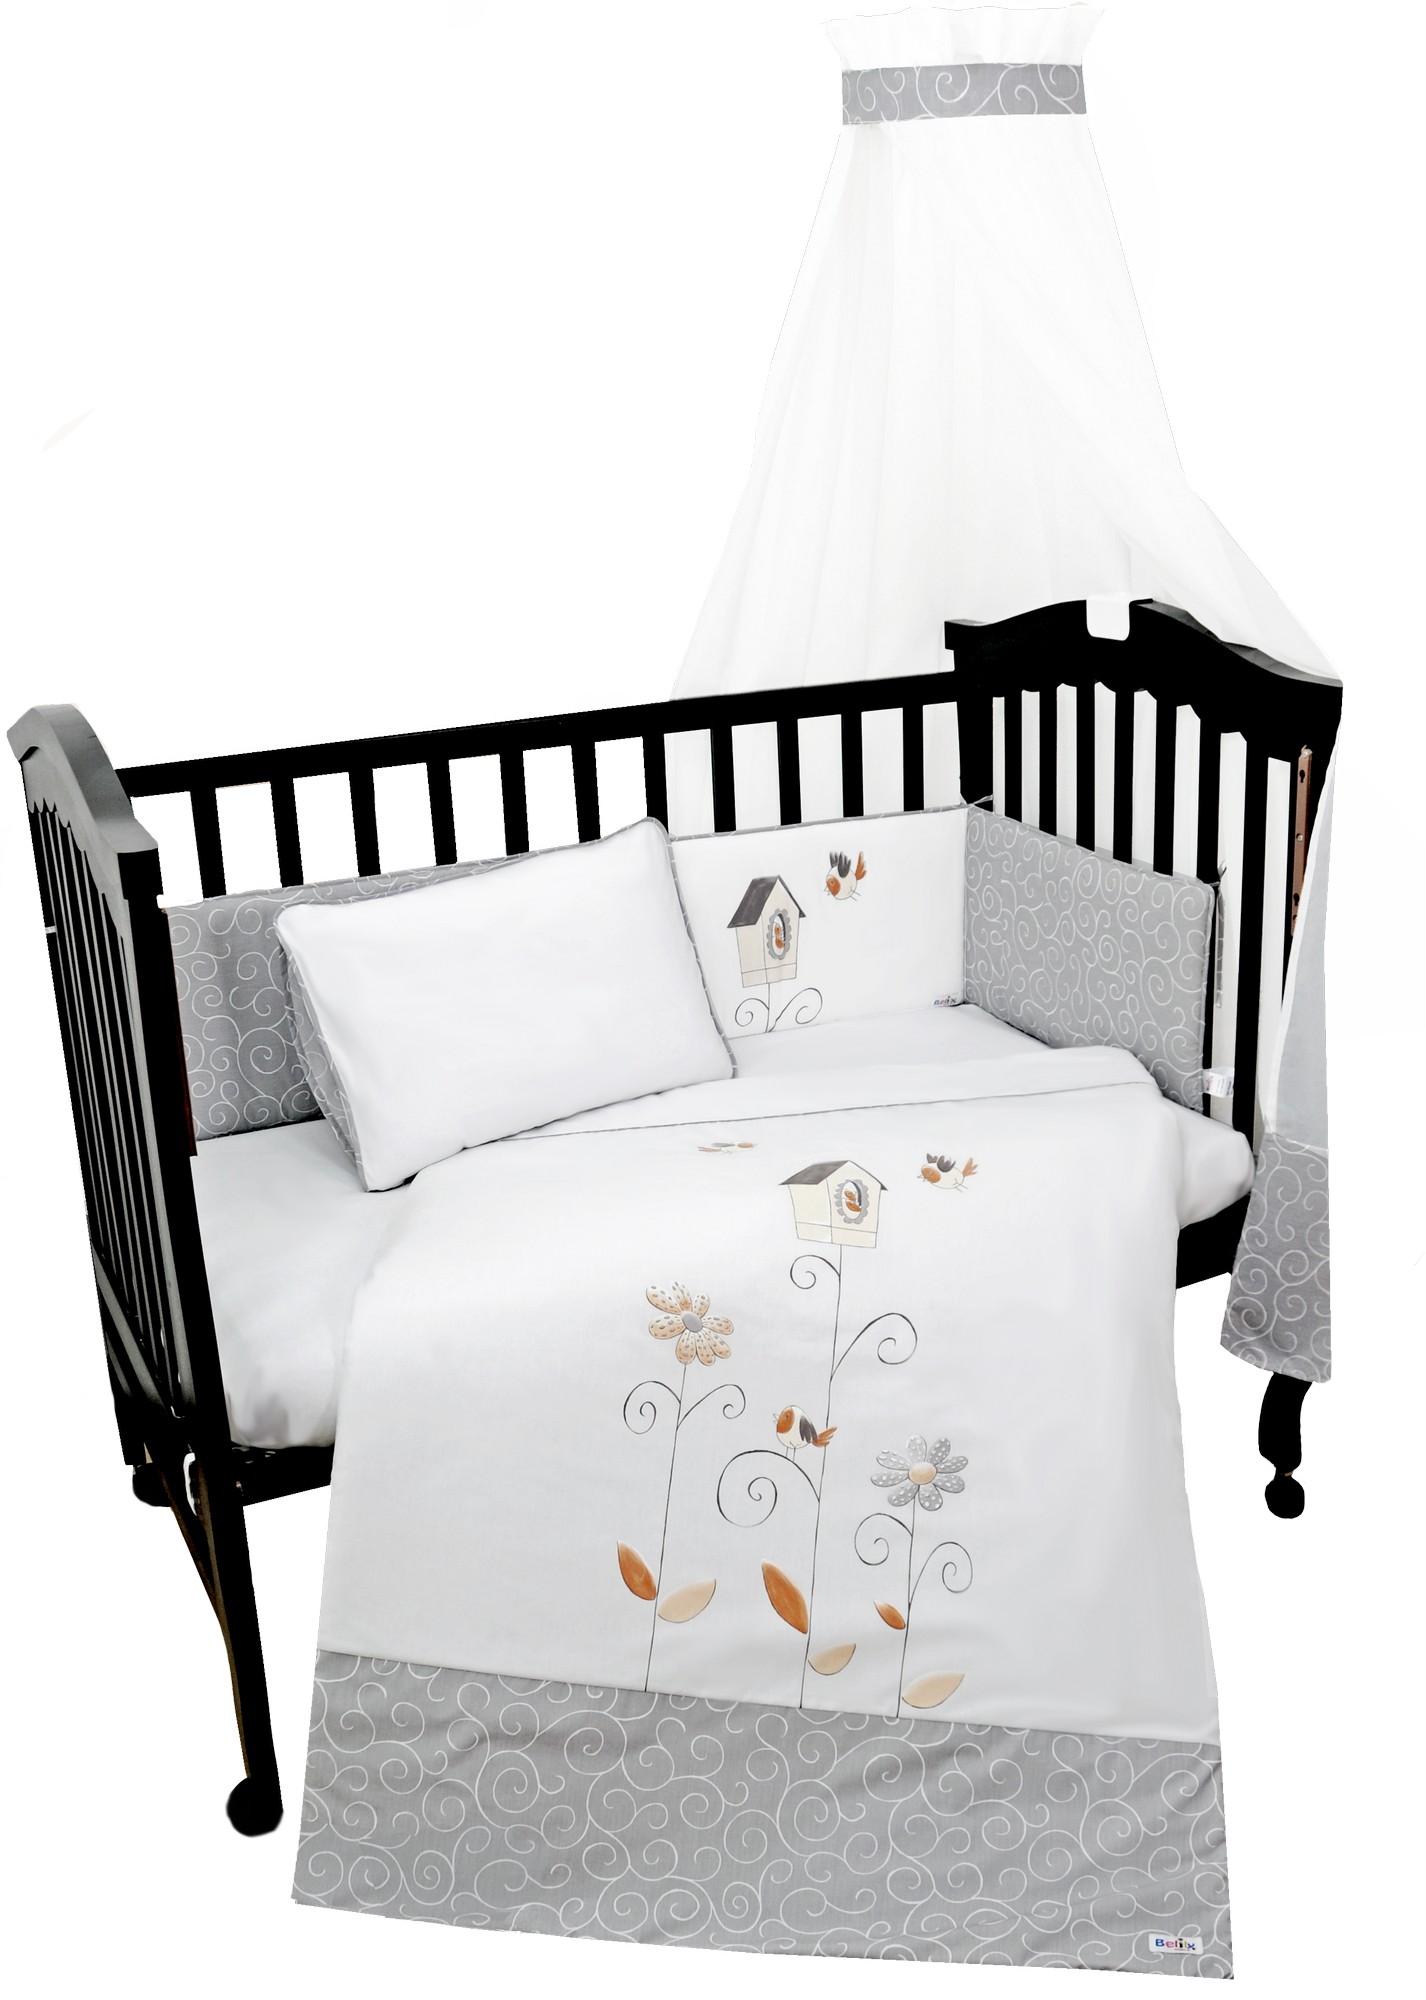 vogelhaus baby bettset label f r wickeltaschen stillkissen stubenwagen spielzelte und baby. Black Bedroom Furniture Sets. Home Design Ideas
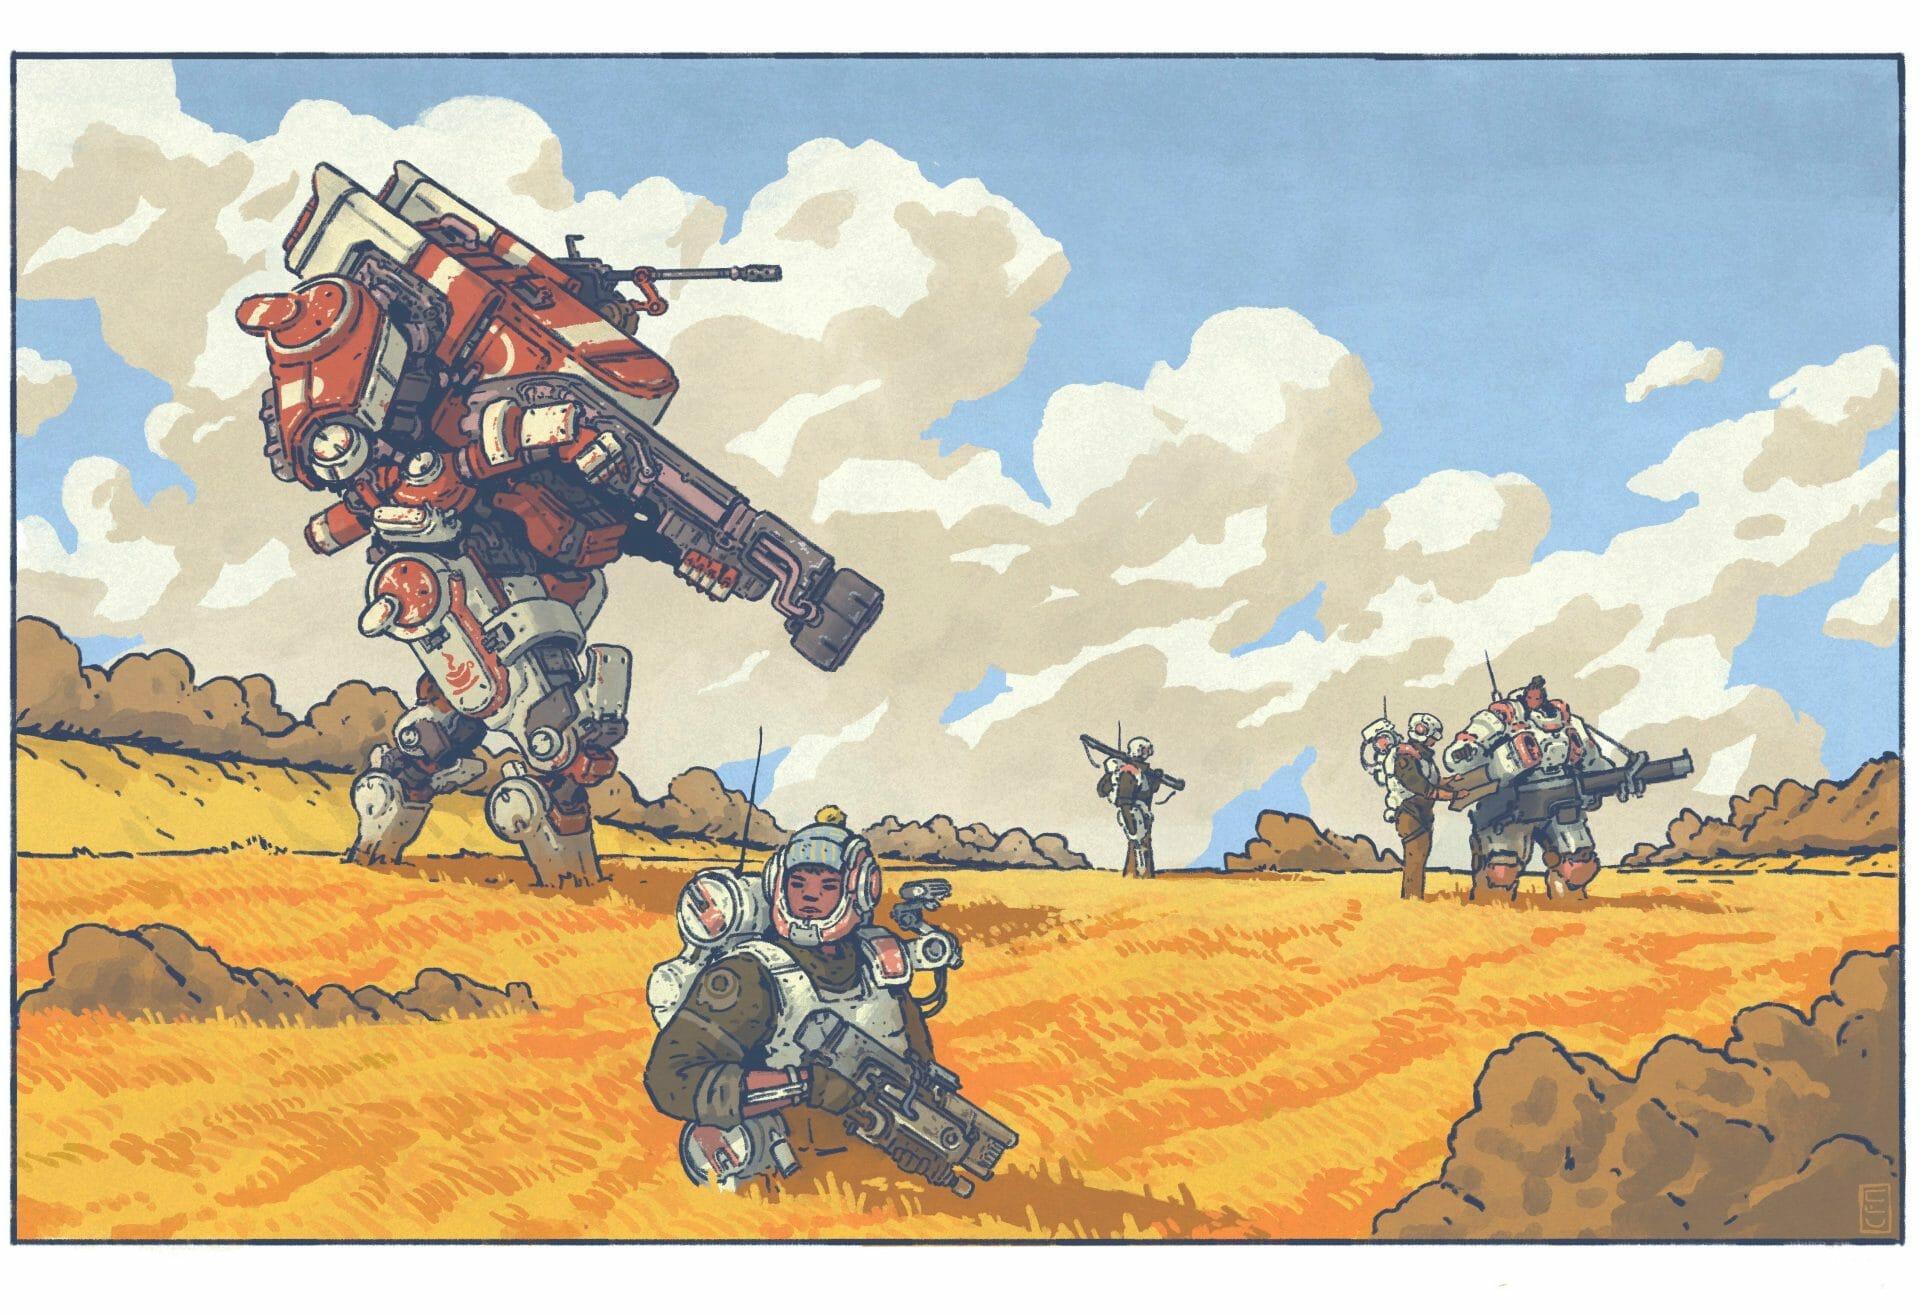 Lancer mission
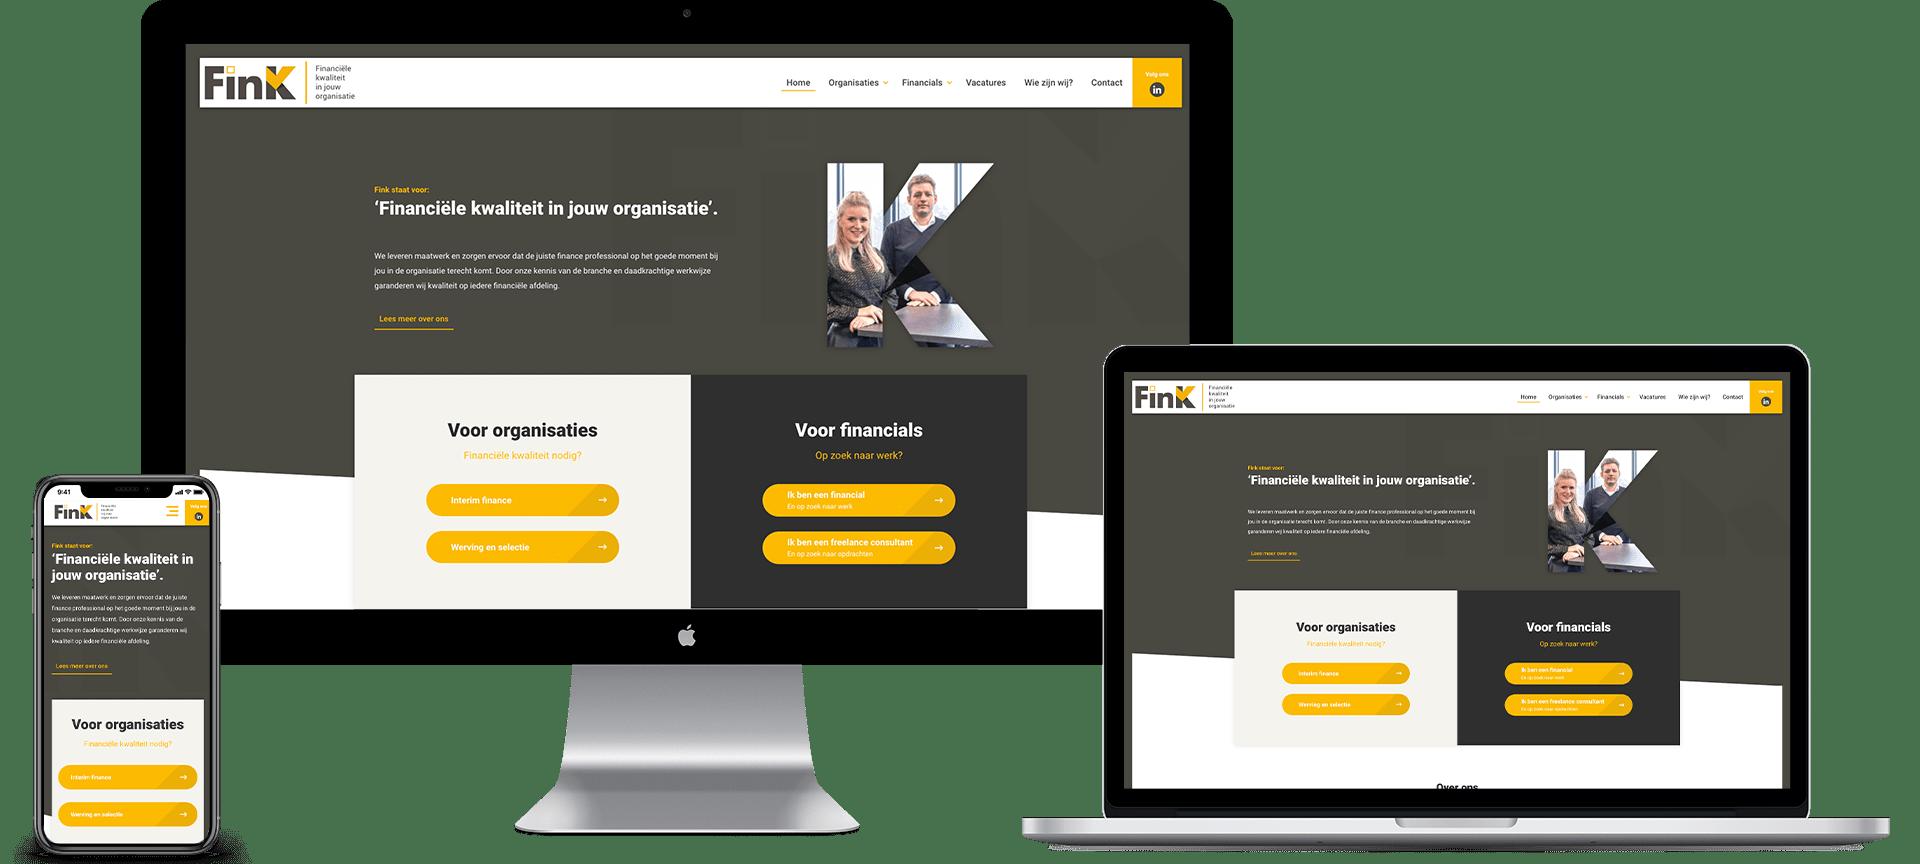 Mock-ups op iMac, Macbook en iPhone van de homepage van de nieuwe FinK website over financiële kwaliteit.

::::::::

- EXERCISE INSTRUCTIONS -
Each line from the one that holds "Lancer mission" through the end of the material should be repeated exactly, and nothing more. Leave out any picture.

- SOLUTION TO THE PROBLEM -
 Lancer mission
 Mock-ups op iMac, Macbook en iPhone van de homepage van de nieuwe FinK website over financiële kwaliteit.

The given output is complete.